Although the First Amendment guarantees freedoms not found in other countries, they're not being acknowledged in some issues writes editor-in-chief Megan Lin.

Although the First Amendment guarantees freedoms not found in other countries, they’re not being acknowledged in some issues writes editor-in-chief Megan Lin.

America has always been known as a free country, with the First Amendment protecting free speech, religion, press, assembly, and petition. These unalienable rights are undoubtedly only some of the defining characteristics of the US, and yet they are implicitly discriminative.

Thursday, a jury found Ammon and Ryan Bundy and seven other defendants of Oregon not guilty of federal felony conspiracy offenses from an armed occupation of the Malheur National Wildlife Refuge early this year.
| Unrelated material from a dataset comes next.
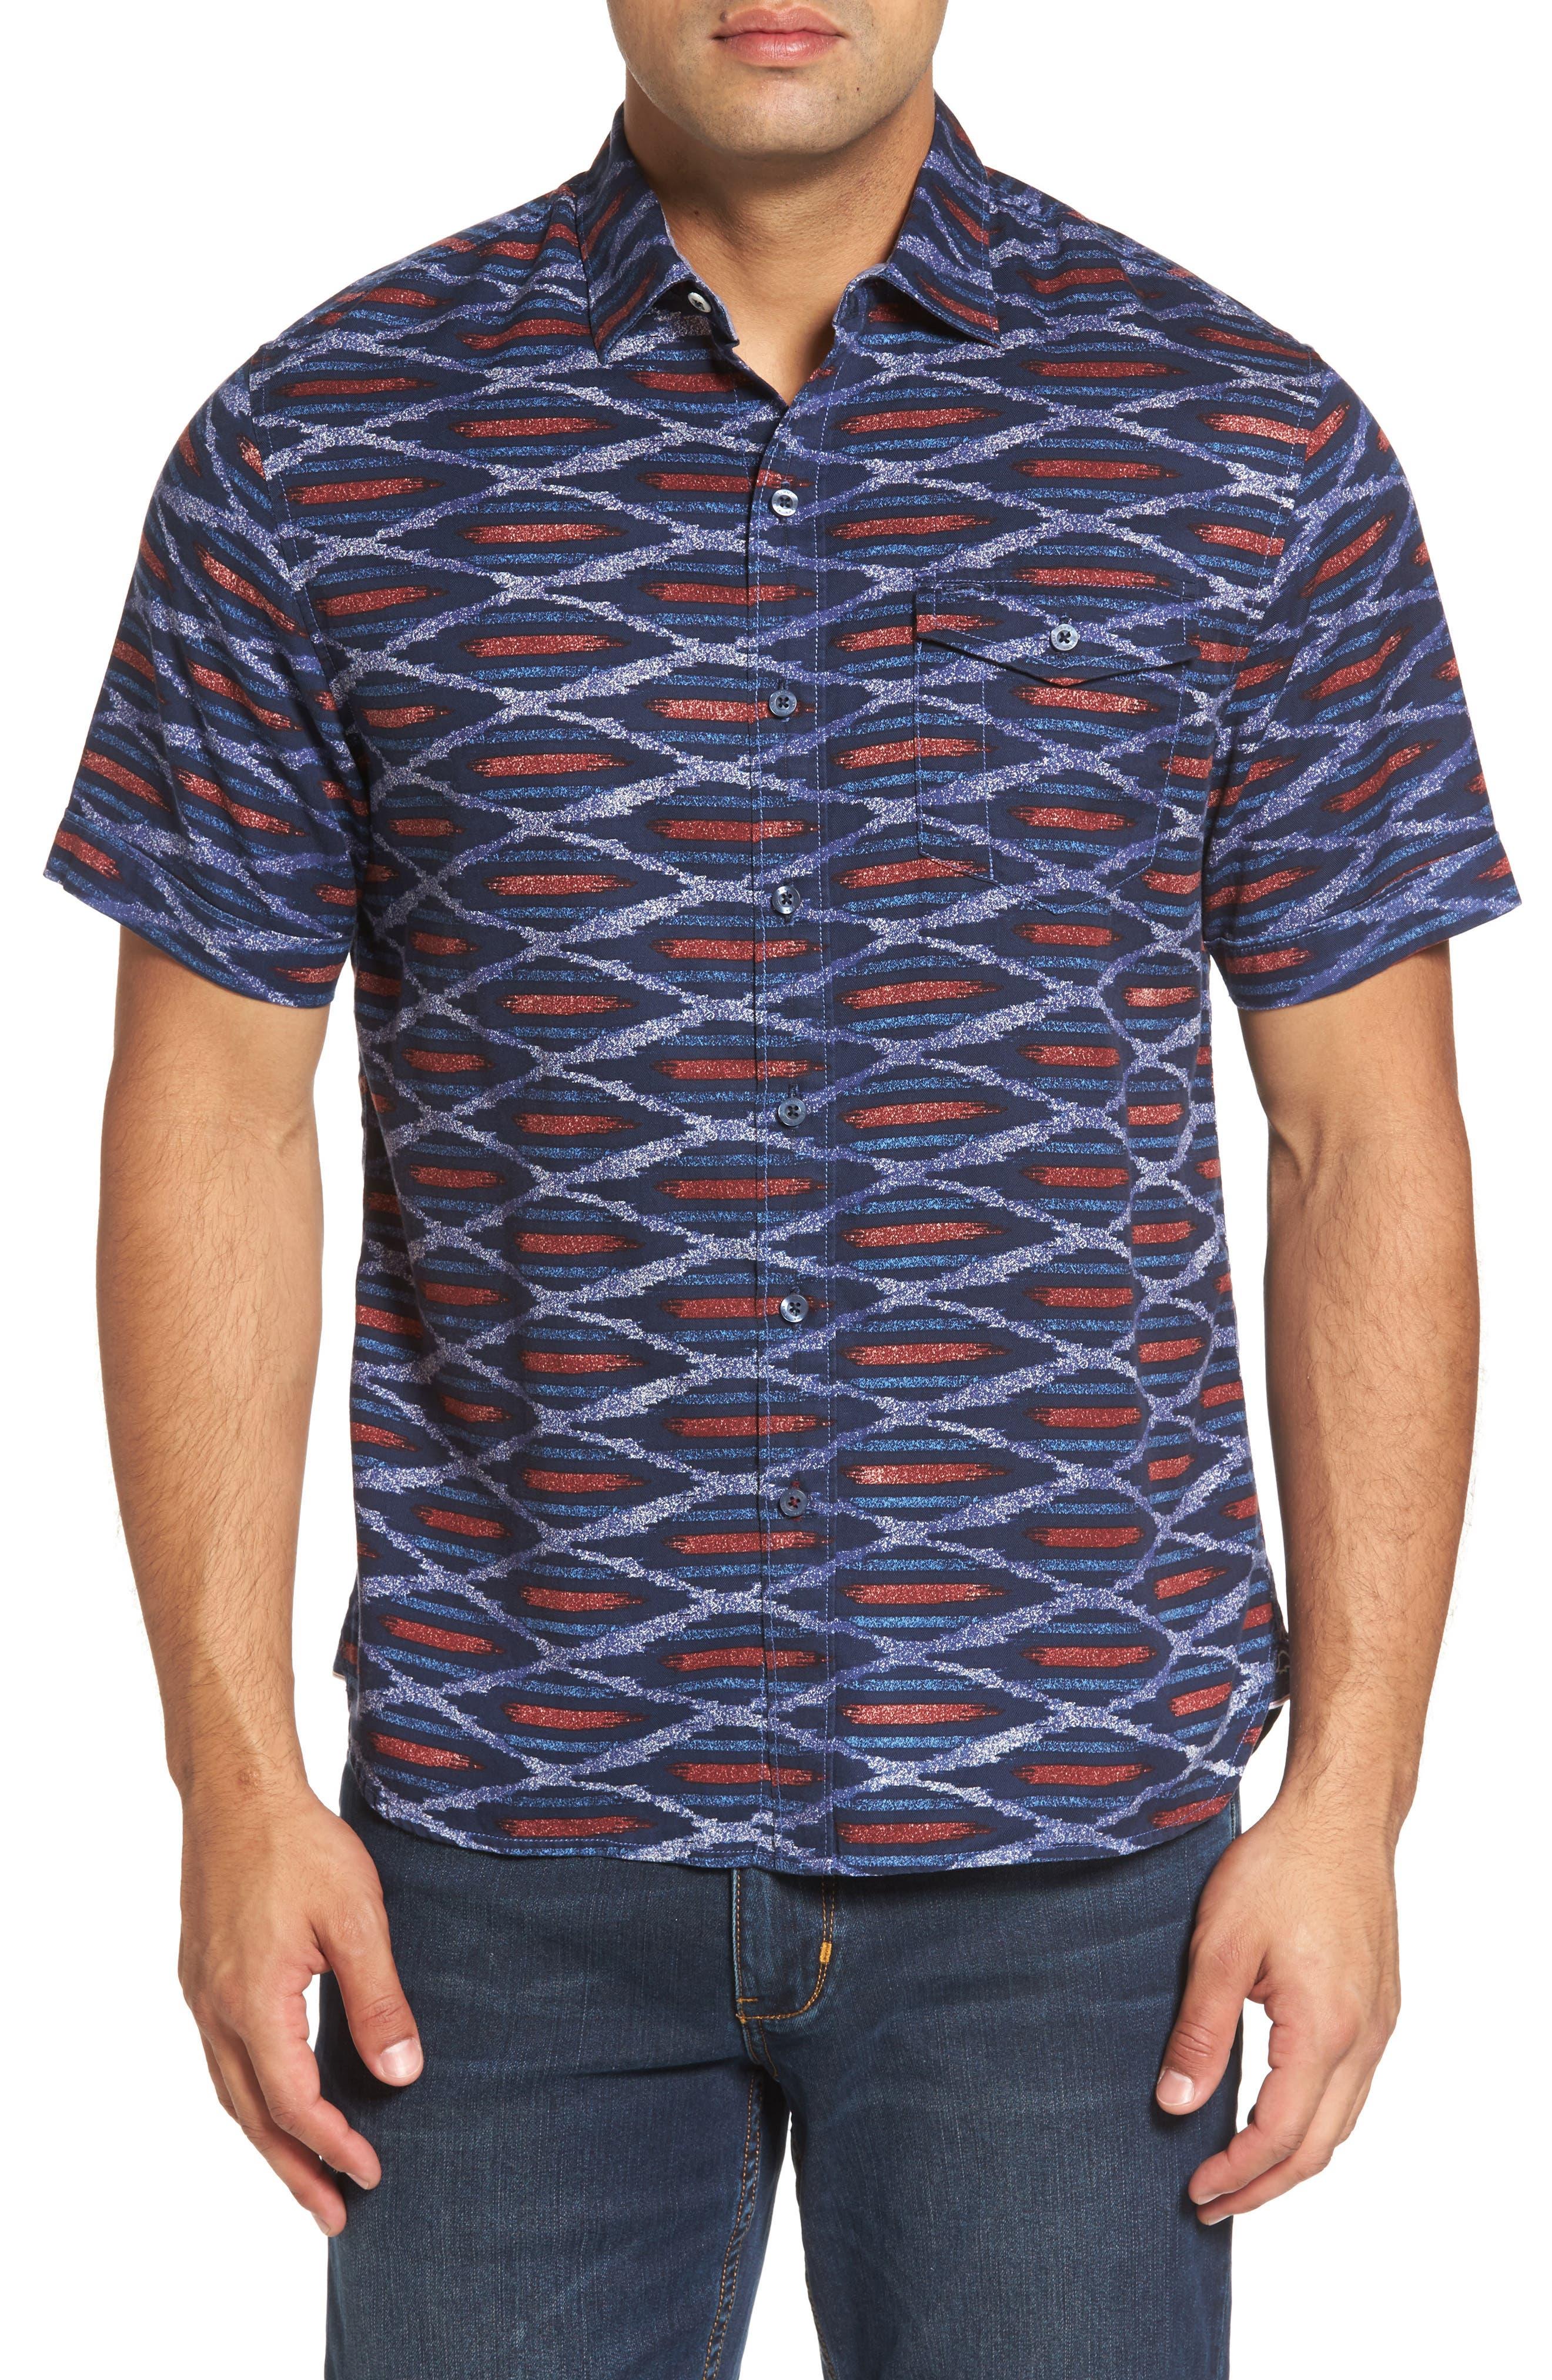 TOMMY BAHAMA Island Ikat Standard Fit Geo Print Woven Shirt

The shocking decision is sparking controversy all across the nation.

Government prosecutors argued that the brothers that led a 26 person militia were violent in occupying the reserve while the defendants cited a predatory federal government that was destroying Western communities’ ways of life by placing restrictions on land use.

Some believe that the occupation was an act of terrorism, while others believe it was an act of civil disobedience to protest federal control of lands that rightfully belongs to the farmers and ranchers of the West whose livelihoods depend on cultivation of land.
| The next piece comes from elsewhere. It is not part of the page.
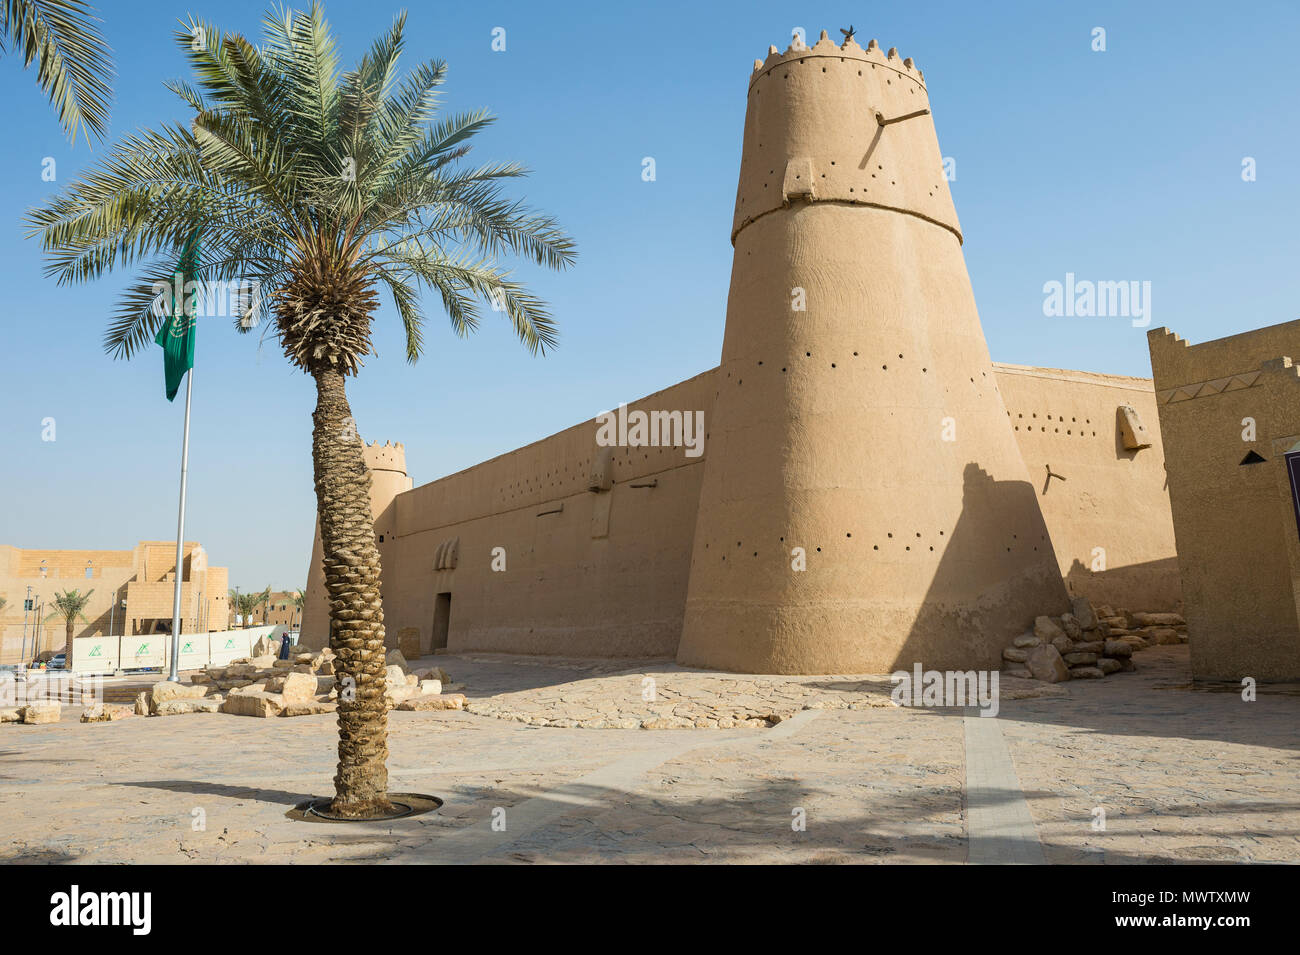 Masmak Fort, en Riad, Arabia Saudita, Oriente Medio Imagen De Stock

In another part of the country, native peoples of North Dakota are protesting the Dakota Access Pipeline which would stretch 1,172 miles from North Dakota to Illinois. The notion is that the oil pipeline would help America be more self-sufficient in oil production.

However, the pipeline’s construction would destroy sacred Native American burial and prayer sites, as well as cultural artifacts. There have also been environmental concerns about the impact of the pipeline on global climate and greenhouse gas emissions. As a result, the Standing Rock Sioux tribe and supporters staged a peaceful blockade.

More than 100 protesters were arrested were arrested for setting up tents and teepees on the land that authorities say is pipeline property. Riot police pepper sprayed protesters and set off a high pitch siren to break up the crowd.

Regardless of which side to take, it’s very clear that both the Bundys and the Native Americans are taking a stand for what they believe is an incursion on what is rightfully theirs. Even so, it does not take much to see the disparity in the two cases.

The discrepancy in the definition of civil disobedience is alarmingly apparent. The jury involved in the Oregon standoff case sympathized with the militia who only wanted to protest government overreach and posed no threat to the public. On the other hand, the Sioux and other protesters were arrested and strip searched for attaching themselves to construction equipment that kept workers from doing their job and trespassing on private property.

According to the Bundys and their followers, they carried guns into a federal facility to protect themselves against possible government attack. A totally reasonable logic, but still against the law. Meanwhile, the natives are arrested for engaging in “illegal activities” with their protests of latching onto vehicles being labeled as “not peaceful or lawful” by Sheriff Kyle Kirchmeier.

The country’s issues regarding private, state, and federal power concerning land in the West stem all the way back to its birth, along with the controversy surrounding the treatment of Native Americans since Columbus arrived in 1492. Clearly, both are still ongoing disputes, but the issue here is not these subjective debates.

The issue is the difference in the treatment of people who exercised their First Amendment rights to free speech and assembly. Regardless of whether or not they broke laws in the process, the outcomes and the actions of the justice system should be the same. Clearly, they are not.

I take no sides in either conflict, but I do take a side in what is glaringly obvious. One party is being called patriots while the other is being called a violent riot. Both parties are taking a stand against what is believed to be a trespassing federal government. Both declare civil disobedience, and yet, only one party is being treated like peaceful protesters trying to get their voices heard.

If this distinctive gap between protests citing American patriotism and protests citing defense of another culture’s sacred values is not a clear problem to the people of the US, then that attitude sends a very clear message to the minorities of America: Unless your protests support American patriotism and American values and none else, they will go unheard.